Laura’s letters were a curious mixture of business-like information and paranoia. Margaret said: “Has it ever struck you that when people get persecution mania, they usually have a good deal to feel persecuted about?”

It all seemed to be going slowly, but on the lines one could have forecast. It was clear that Martin could not risk putting forward a formal motion for re-opening until he had his majority secure.

One Friday evening in February, I arrived home later than usual, tired and jaded. It was raining hard, and I had had to walk from Marble Arch the quarter of a mile or so along the Bayswater Road. The warmth of the flat was comforting. From the nursery I could hear Margaret playing with the little boy. I went into the drawing-room looking forward to the quiet, and there, sitting under the standard lamp by the window, the light full on her face, was Laura Howard.

I saw her with surprise, and with something stronger than surprise, involuntary recoil. I had a phobia of entering a room expecting to be by myself, and finding someone there. For an instant I was inclined to gibber. Was Margaret looking after her? I asked, my tongue feeling too large for my mouth, resentfully wishing to push her out, knowing — what usually I did not know at all — exactly what it is to be pathologically shy. Of course Margaret was looking after her, said Laura, firm, composed, utterly unflirtatious. She added: “We’ve been putting our heads together.”

“Have you?”

“I’m not satisfied with the way things are going. I don’t want them to get stuck, and they will get stuck unless we’re careful.”

I was recovering myself. She did not think of explaining what “things” were. She was as single-minded as ever. I had never seen a woman of her age so inseparably fused into her husband’s life. She sat there, pretty, healthy, and most men would have felt that beneath her skin there was the inner glow of a sensual, active, joyous woman. Most men would have also known that none of that inner glow was for them.

When Margaret came in, she heard Laura repeating that “things were getting stuck”.

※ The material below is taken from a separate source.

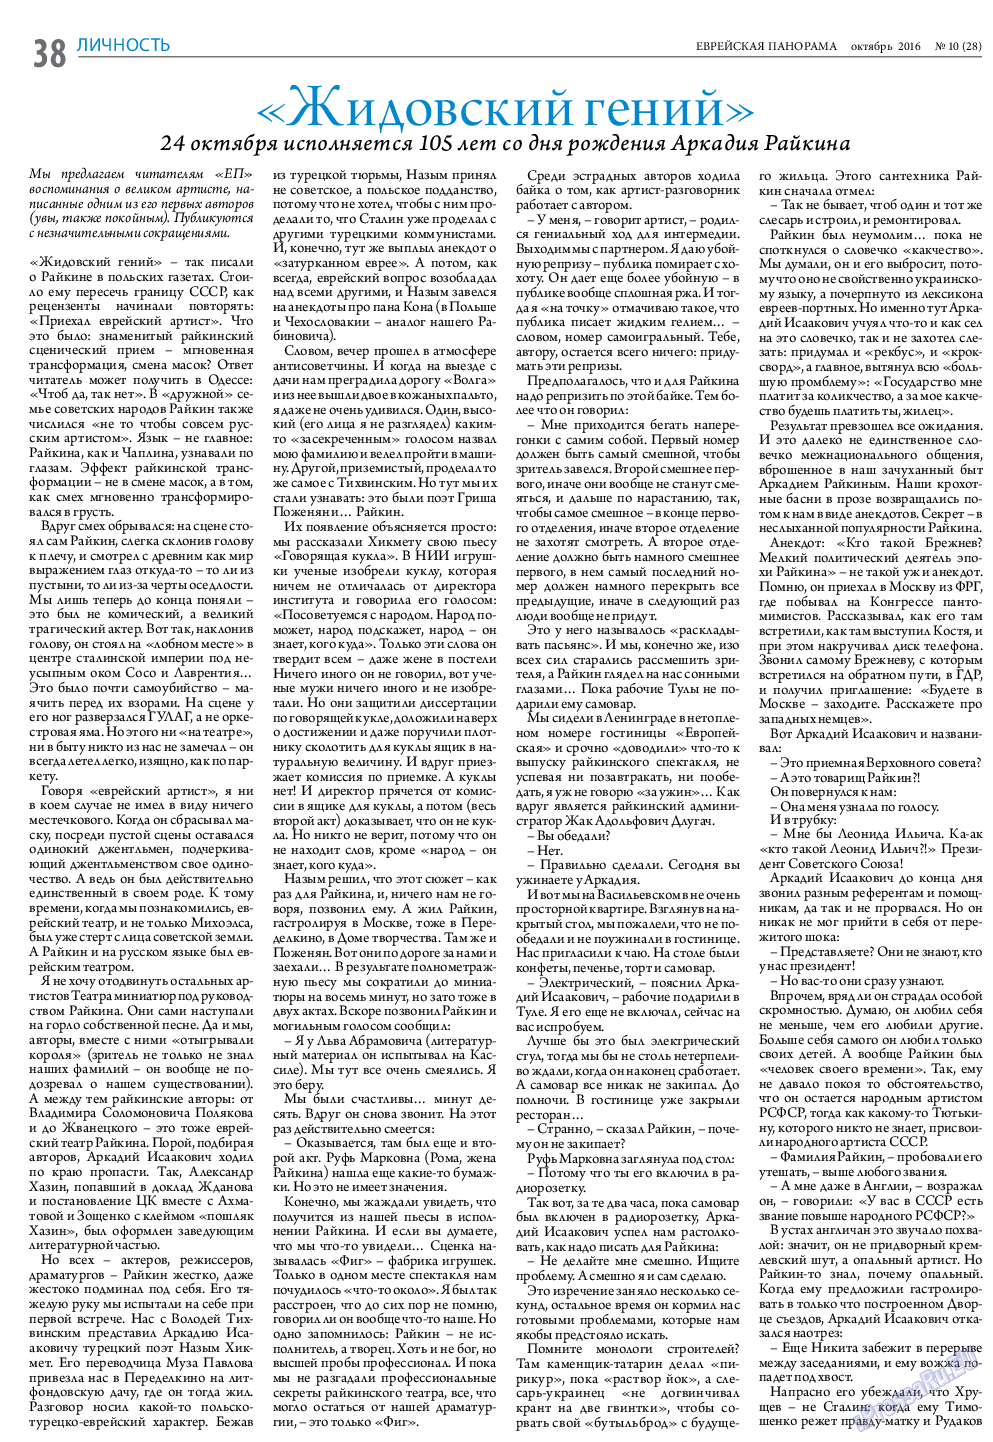 Еврейская панорама, газета. 2016 №10 стр.38

“Yes,” said Margaret, glancing at me guiltily, her colour high, “Laura rang me up and so I thought it might be useful if she came along.”

“I see,” I said.

“Would you like to hear what she’s been telling me?”

I could not refuse.

Succinctly, competently, Laura brought out something new. According to “information from the other side”, there had been a suggestion that, if the feeling became strong enough, the Seniors ought to offer to re-open the case before a majority asked for it. I nodded my head. That sounded reasonable, precisely the sort of step that experienced men would consider. Apparently the suggestion had been made by Crawford first, and “the other side”, or rather, the more influential members, Arthur Brown, Nightingale and Winslow, had spent some time discussing it. Now they had decided that it wasn’t necessary: the feeling was not more than “a storm in a teacup”, it would soon blow over. All they had to do was “stick in their heels”.

Even the phrases sounded right.

“Your intelligence service is pretty good, isn’t it?” I said to Laura.

“I think it is.”

“Where does it come from?”

“I’m not at liberty to say,” she replied without a blench.

She was not worried. The situation was less promising than three weeks before — “We’ve gone backwards,” she said. But, like so many active people, like Margaret herself, she was freed from worry just by taking action. Why had things deteriorated, I was trying to get her to explain. So far as I could gather, it must have been the effect of the reports. Nightingale’s seemed to have been fair in tone, but uncompromising in its conclusion, and that had gone home.